All lines in the entries below that hold "Alternate" make up the answer.

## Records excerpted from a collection
***

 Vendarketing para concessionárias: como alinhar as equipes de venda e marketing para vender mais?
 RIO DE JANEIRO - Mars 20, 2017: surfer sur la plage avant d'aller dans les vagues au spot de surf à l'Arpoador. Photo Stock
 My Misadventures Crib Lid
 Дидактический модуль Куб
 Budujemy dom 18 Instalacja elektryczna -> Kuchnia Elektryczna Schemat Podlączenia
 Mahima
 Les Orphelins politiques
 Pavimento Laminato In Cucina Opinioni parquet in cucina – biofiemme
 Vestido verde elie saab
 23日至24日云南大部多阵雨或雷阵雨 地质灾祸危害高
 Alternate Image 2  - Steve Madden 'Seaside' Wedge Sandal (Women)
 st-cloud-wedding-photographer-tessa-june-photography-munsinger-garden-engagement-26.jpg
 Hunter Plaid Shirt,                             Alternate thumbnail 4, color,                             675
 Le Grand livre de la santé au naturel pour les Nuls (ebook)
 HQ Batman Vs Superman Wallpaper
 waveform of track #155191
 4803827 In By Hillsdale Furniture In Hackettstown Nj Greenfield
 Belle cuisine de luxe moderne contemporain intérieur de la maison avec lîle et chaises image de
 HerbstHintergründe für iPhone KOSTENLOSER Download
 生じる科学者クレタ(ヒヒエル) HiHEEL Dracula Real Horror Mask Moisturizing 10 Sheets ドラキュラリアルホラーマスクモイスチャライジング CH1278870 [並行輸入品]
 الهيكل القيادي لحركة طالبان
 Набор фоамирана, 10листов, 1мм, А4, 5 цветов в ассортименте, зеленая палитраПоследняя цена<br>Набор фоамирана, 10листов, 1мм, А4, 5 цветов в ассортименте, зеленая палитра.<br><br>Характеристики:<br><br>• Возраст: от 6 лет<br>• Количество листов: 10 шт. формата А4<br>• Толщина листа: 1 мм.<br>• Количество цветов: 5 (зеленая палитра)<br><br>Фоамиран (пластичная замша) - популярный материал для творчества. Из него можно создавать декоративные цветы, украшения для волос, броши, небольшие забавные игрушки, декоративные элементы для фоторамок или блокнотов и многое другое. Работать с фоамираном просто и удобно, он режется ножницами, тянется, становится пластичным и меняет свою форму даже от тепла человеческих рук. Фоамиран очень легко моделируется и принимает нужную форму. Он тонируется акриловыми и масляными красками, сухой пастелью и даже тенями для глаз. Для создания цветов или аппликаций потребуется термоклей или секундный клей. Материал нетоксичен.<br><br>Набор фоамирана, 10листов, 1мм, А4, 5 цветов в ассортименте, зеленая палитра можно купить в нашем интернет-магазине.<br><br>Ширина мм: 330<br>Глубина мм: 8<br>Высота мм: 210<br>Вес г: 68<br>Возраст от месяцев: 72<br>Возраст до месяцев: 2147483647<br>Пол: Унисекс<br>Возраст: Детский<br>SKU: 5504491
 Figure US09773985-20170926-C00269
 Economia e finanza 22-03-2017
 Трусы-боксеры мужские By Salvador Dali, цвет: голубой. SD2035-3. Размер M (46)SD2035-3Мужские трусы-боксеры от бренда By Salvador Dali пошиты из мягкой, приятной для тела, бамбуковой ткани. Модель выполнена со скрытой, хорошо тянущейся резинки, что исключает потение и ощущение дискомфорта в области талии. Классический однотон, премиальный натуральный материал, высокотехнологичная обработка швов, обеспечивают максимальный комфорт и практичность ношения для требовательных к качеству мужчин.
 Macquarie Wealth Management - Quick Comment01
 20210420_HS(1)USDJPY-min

***

## RESULT FOR THIS TASK
 Alternate Image 2  - Steve Madden 'Seaside' Wedge Sandal (Women)
 Hunter Plaid Shirt,                             Alternate thumbnail 4, color,                             675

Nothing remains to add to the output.